Ranked the 34th best student city in the work according to the TopUniversities 2018 list, Dublin welcomes students from all over the world. But finding a place to stay has become a struggle.

At a bare minimum, students will have to fork out €200 a week for a shared bedroom and shared bathroom in a dedicated student apartment with many others like them. Add an extra €50 a week onto that for slightly more privacy.

Costs pile up if students want to avail of other services these luxury blocks provide, such as gyms, games rooms and laundry service. Many of these are not required by most students, but could be used to justify the astronomical rent.

It’s a price all of society is paying.

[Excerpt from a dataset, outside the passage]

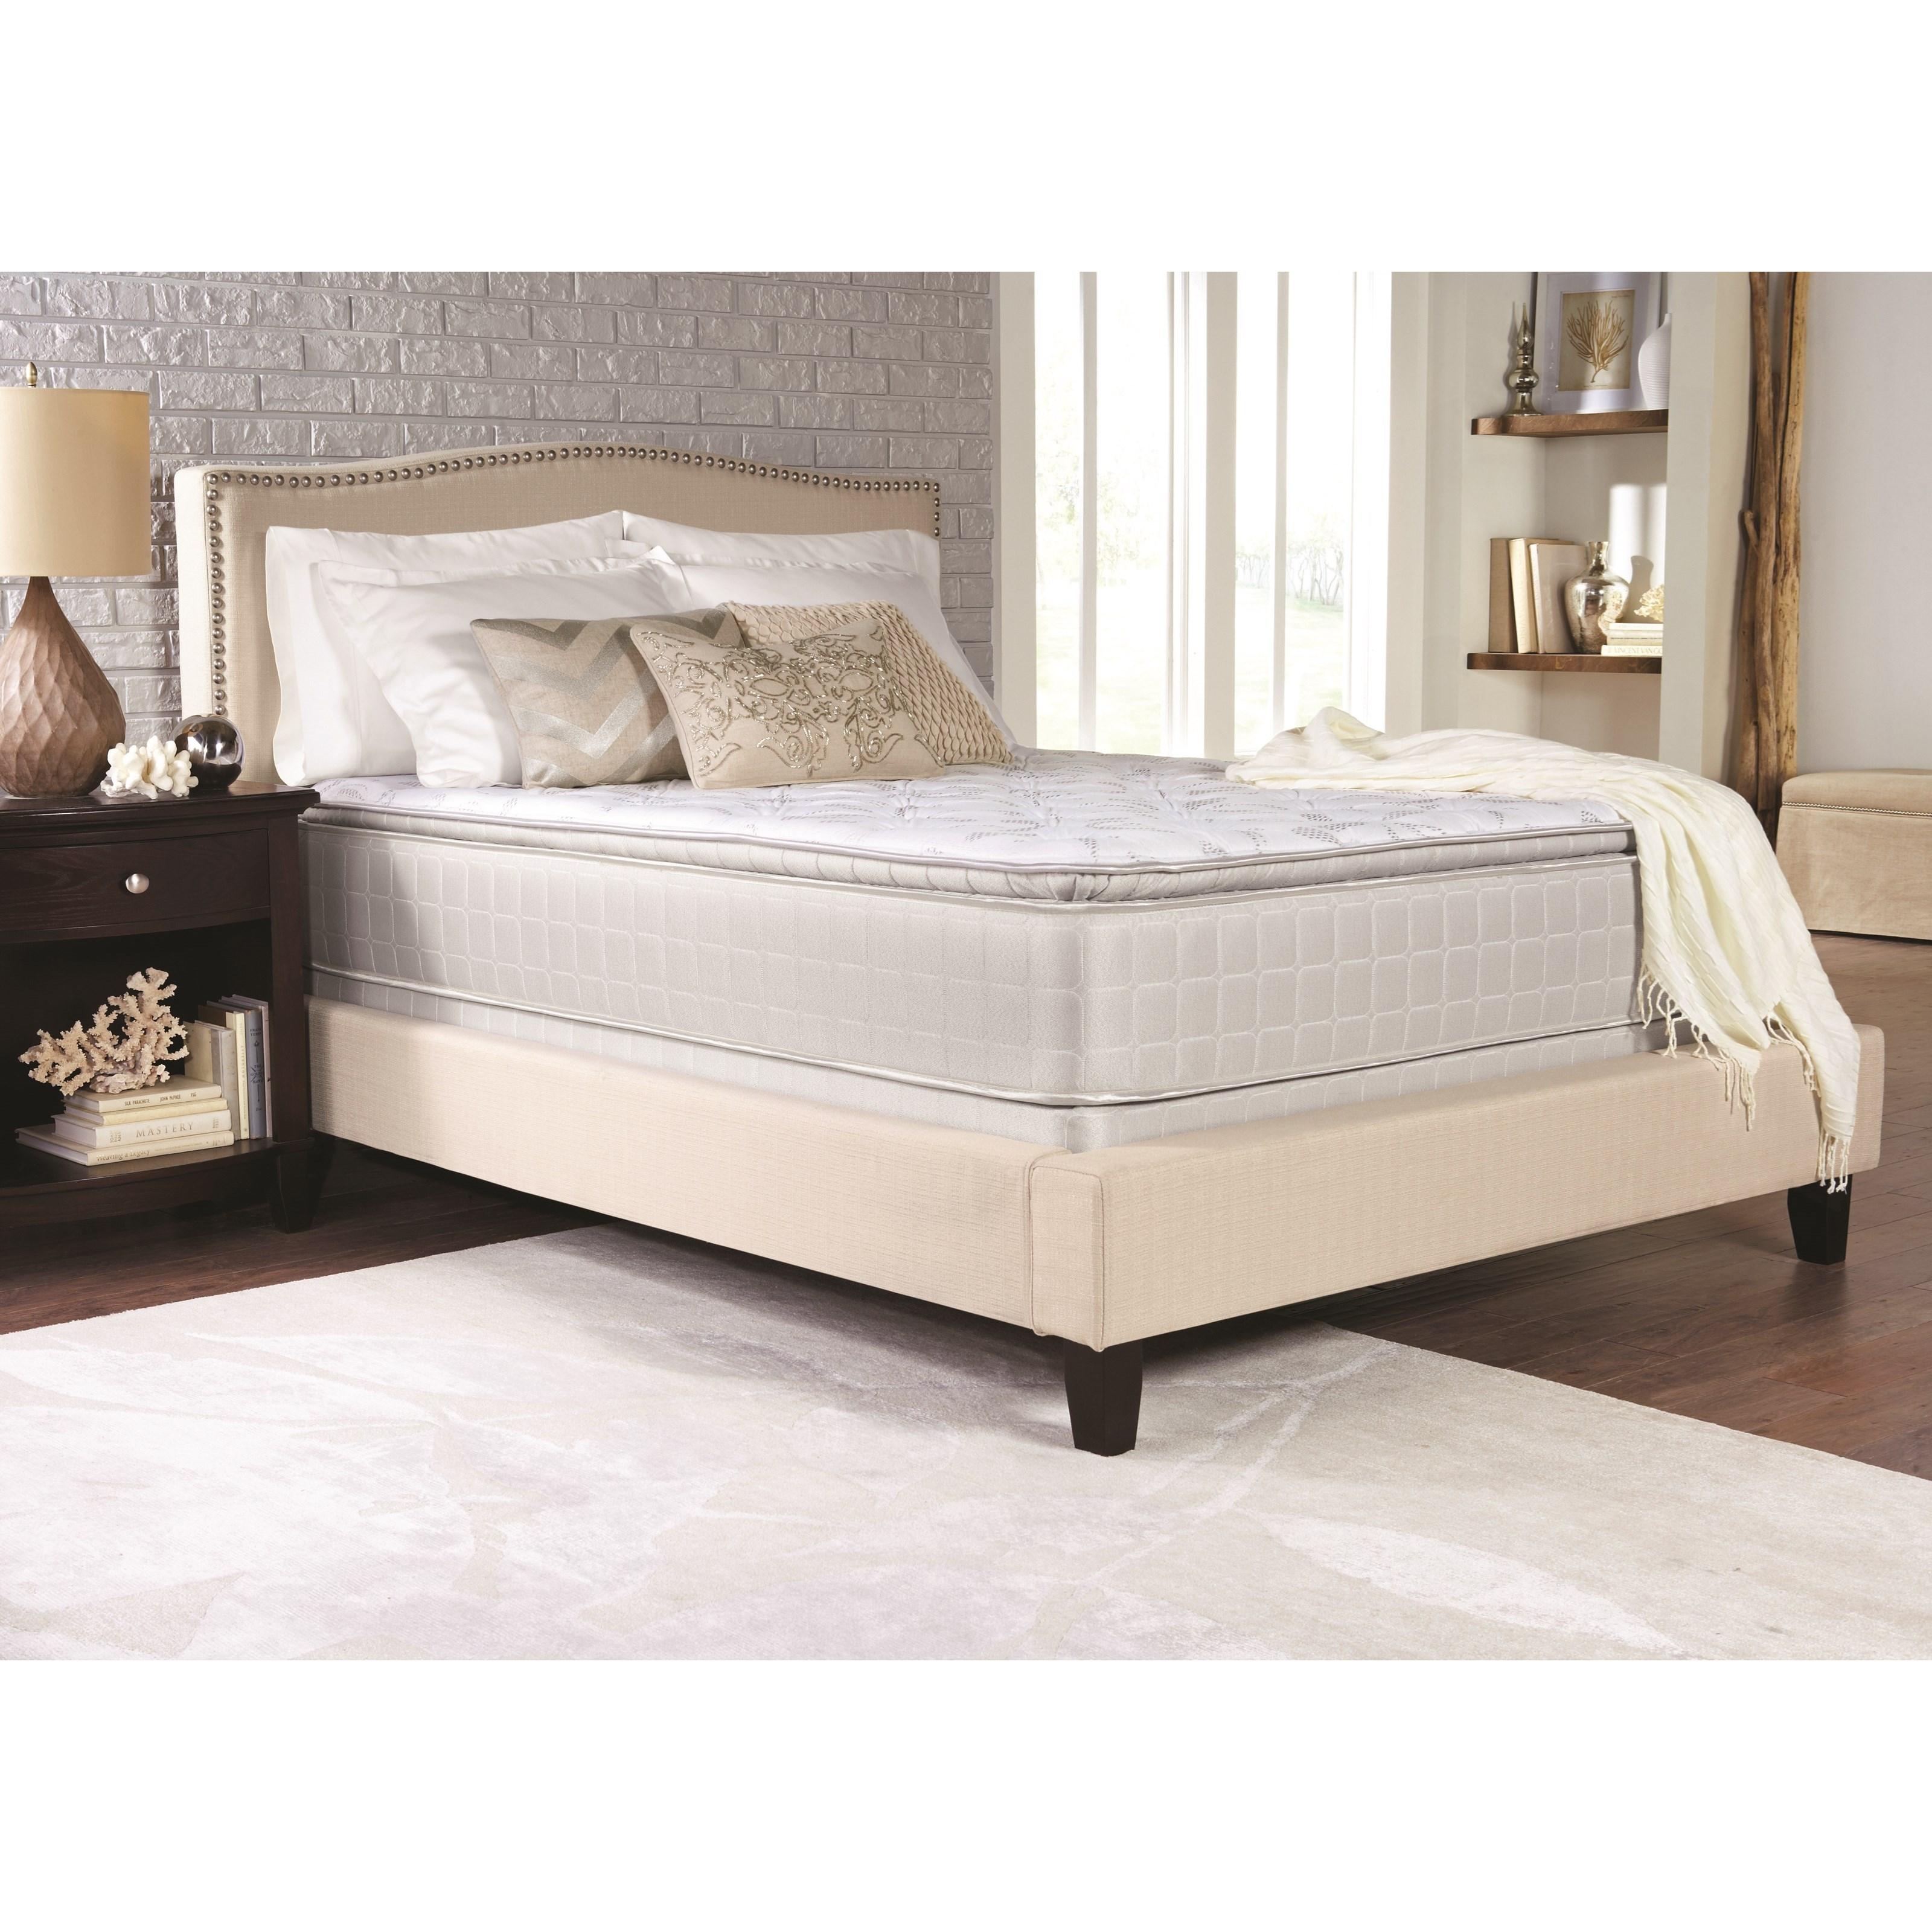 "Coaster Marbella II Pillow Top King 13"" Pillow Top Mattress - Item Number: 350055KE"

According to Union of Students in Ireland (USI) president Síona Cahill, 429 students were counted as homeless in Ireland on the night of the last Census in 2016 - comprising eight per cent of the total homeless numbers that year.

It’s a situation that directly affects their access to education, she says, and all because they could not “find or afford suitable accommodation”.

Sometimes, students have no other choice than to stay in hostels or couch-surf with friends, rather than rough sleeping.

“There has been a failure of essential planning by Government in tangibly addressing shortages in provisions for homeless people, and slow progress in the development of much needed social housing,” Cahill adds.

Irish students have been at the forefront of protests organised to force political moves on the housing issue. ‘Raise the roof, not the rent’ is the slogan of the primary campaign which held a nationwide series of demonstrations on 3 October last.

Their protest is just beginning, which will be of cold comfort to students like Pietro, a 21-year-old from Italy who came to Dublin on the Erasmus programme in the final year of his law degree and came face to face with the city’s housing shortage.

Forced to rely on the kindness of acquaintances for his first few days here, Pietro was left with no option than to pay for student accommodation - at a cost of €1,000 a month.

“The prices in these accommodations are high because you have no other options,” he says. “You have to choose this place because otherwise you would have nowhere else to sleep. They just follow the market law.”

Pietro admits that his situation has discouraged him. “People going to Dublin as well [as me] told me to look four or five months before moving, but even they found their accommodation very late or did not find anything at all. This is a very bad situation for everyone. Especially if you are a foreign student, it’s difficult.”